Two strains, 68 and TMR 9, of Micrococcus cryophilus differ in their physiological response to environmental temperature: TMR 9 is a mutant strain which will grow at temperatures inimical to the growth of the wild-type strain, 68. These growth responses have been correlated with the presence, respectively, of thermostable and thermolabile species of glutamyl-tRNA synthetase and prolyl-tRNA synthetase in the two strains. Temperature-induced structural changes in the two species of glutamyl-tRNA synthetase have been studied in an attempt to explain the functional differences between them. An isolation procedure for the purification of the stable, TMR 9 enzyme, yielding almost 200-fold purification, and the preparation of antiserum active against this protein, are described. Molecular weight determinations of glutamyl-tRNA synthetase in both 68 and TMR 9 cell extracts have been carried out by gel filtration and sucrose density gradient centrifugation. In both extracts, cross-reacting material and associated enzyme activity were to be found primarily at a position corresponding to a molecular weight of 190 000 with a minor peak at about half that weight.

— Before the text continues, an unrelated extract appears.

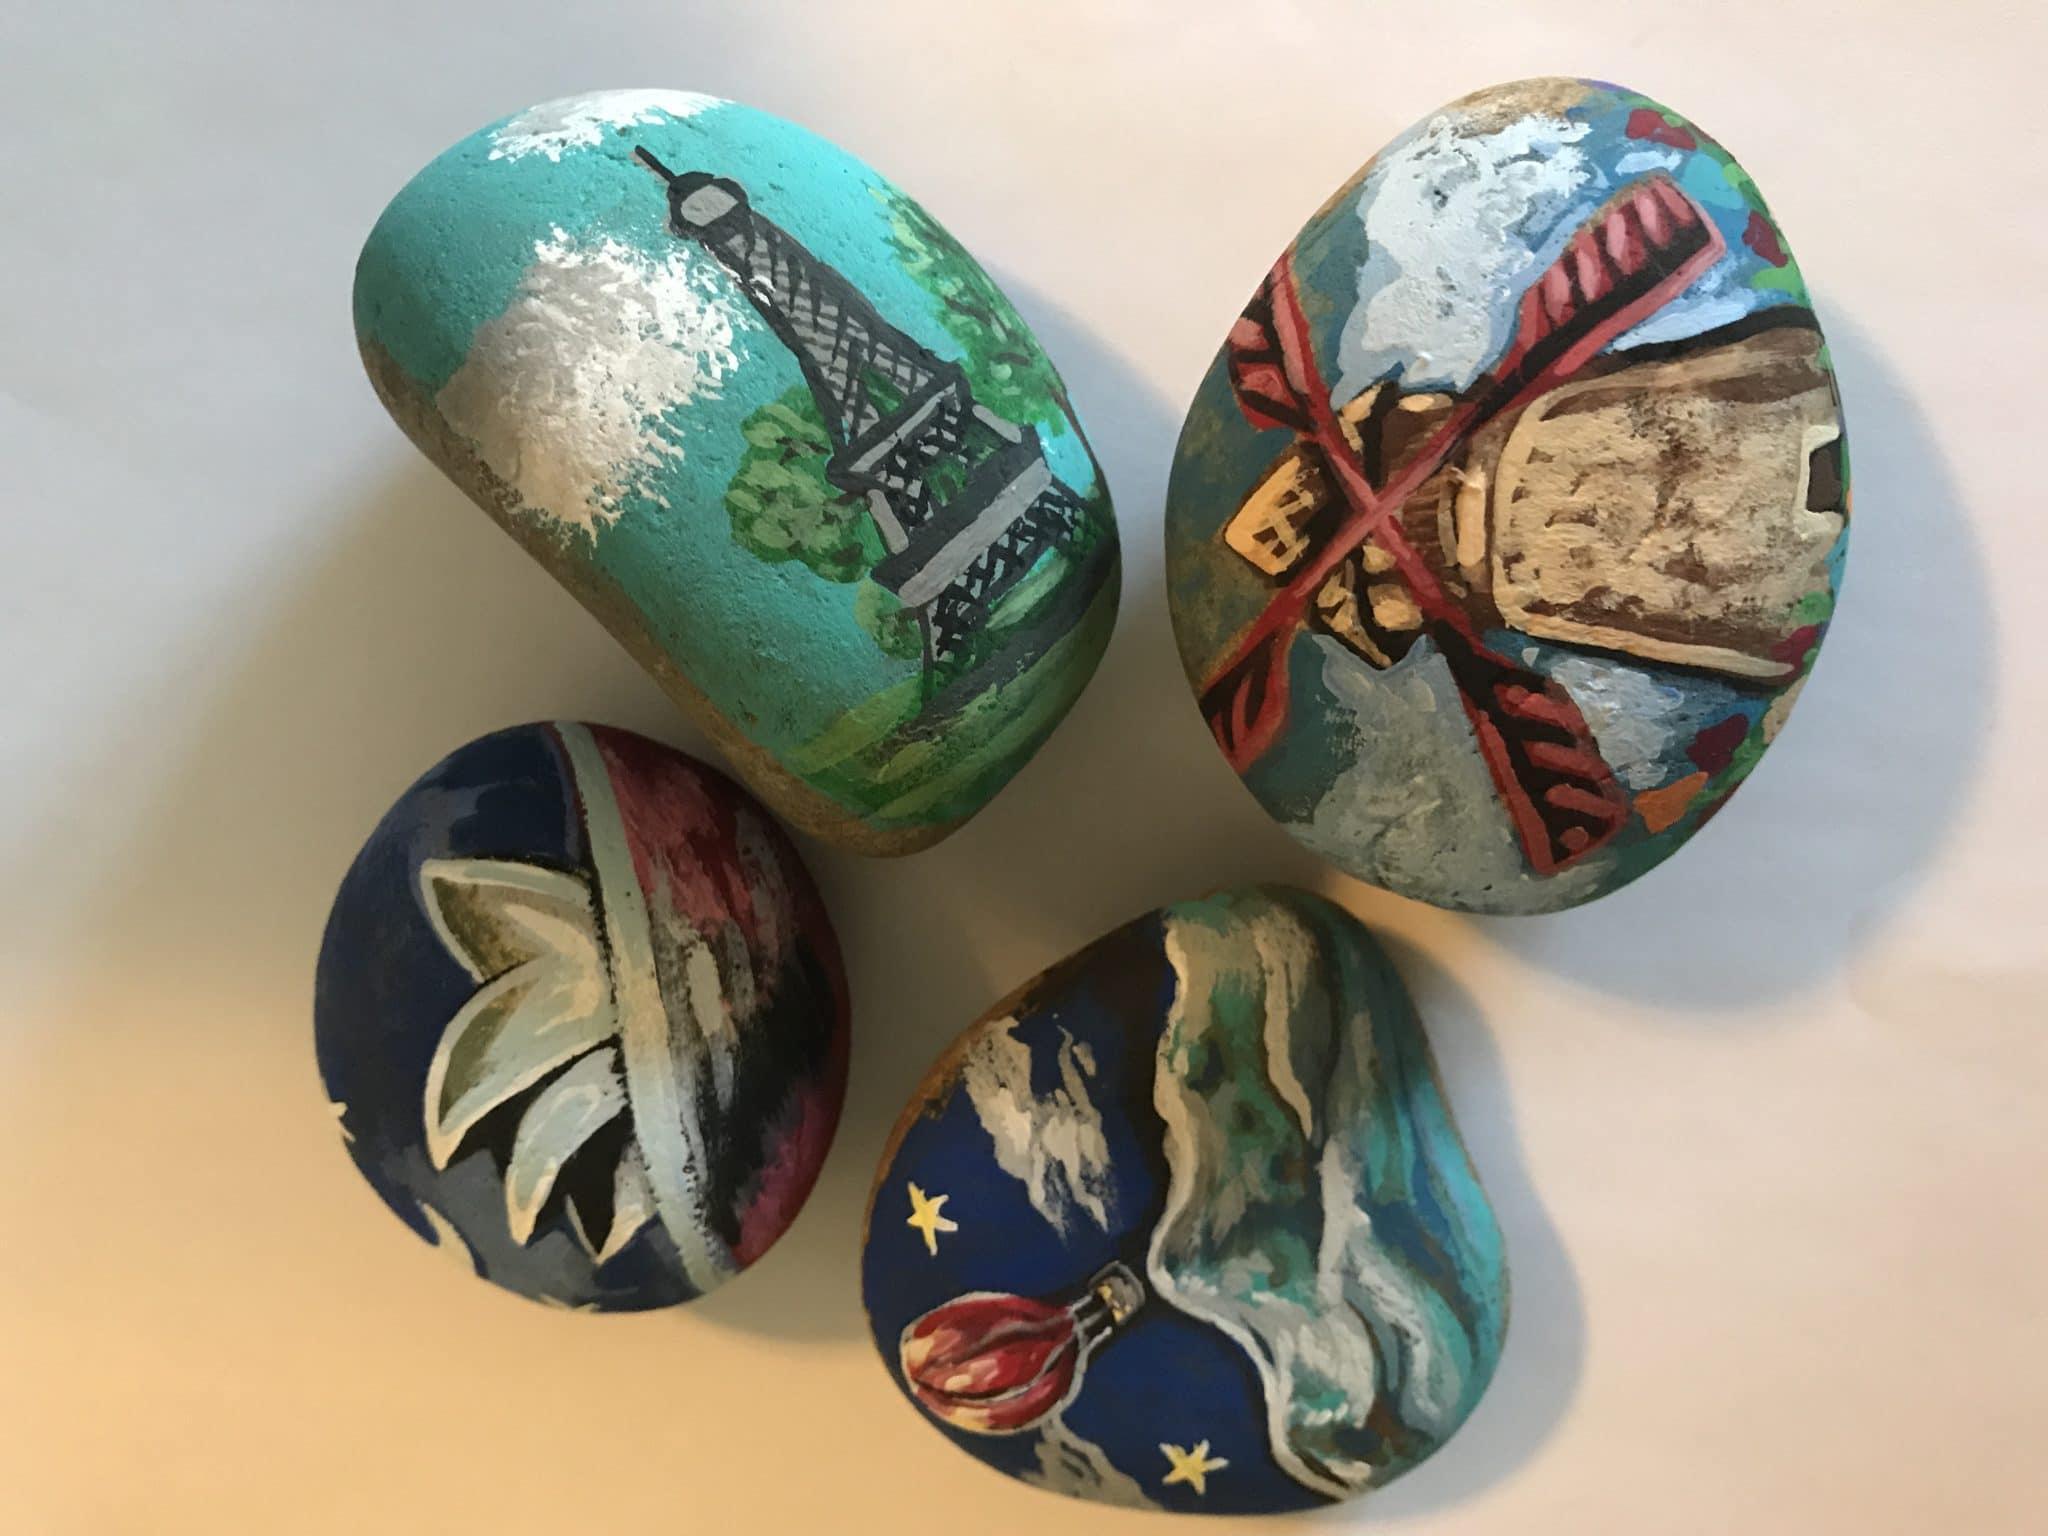 travel kindness rocks

Heating wild-type extracts at 30° prior to chromatography led to the appearance of cross-reacting material, with no associated enzyme activity, with an estimated molecular weight of 53 000, this accumulation being correlated with a loss of activity and cross-reacting material from the 190 000 and 100 000 molecular weight positions. No re-association of these small subunits was observed. The mutant enzyme could also be broken down to inactive subunits of similar weight, but only under extreme conditions. © 1969.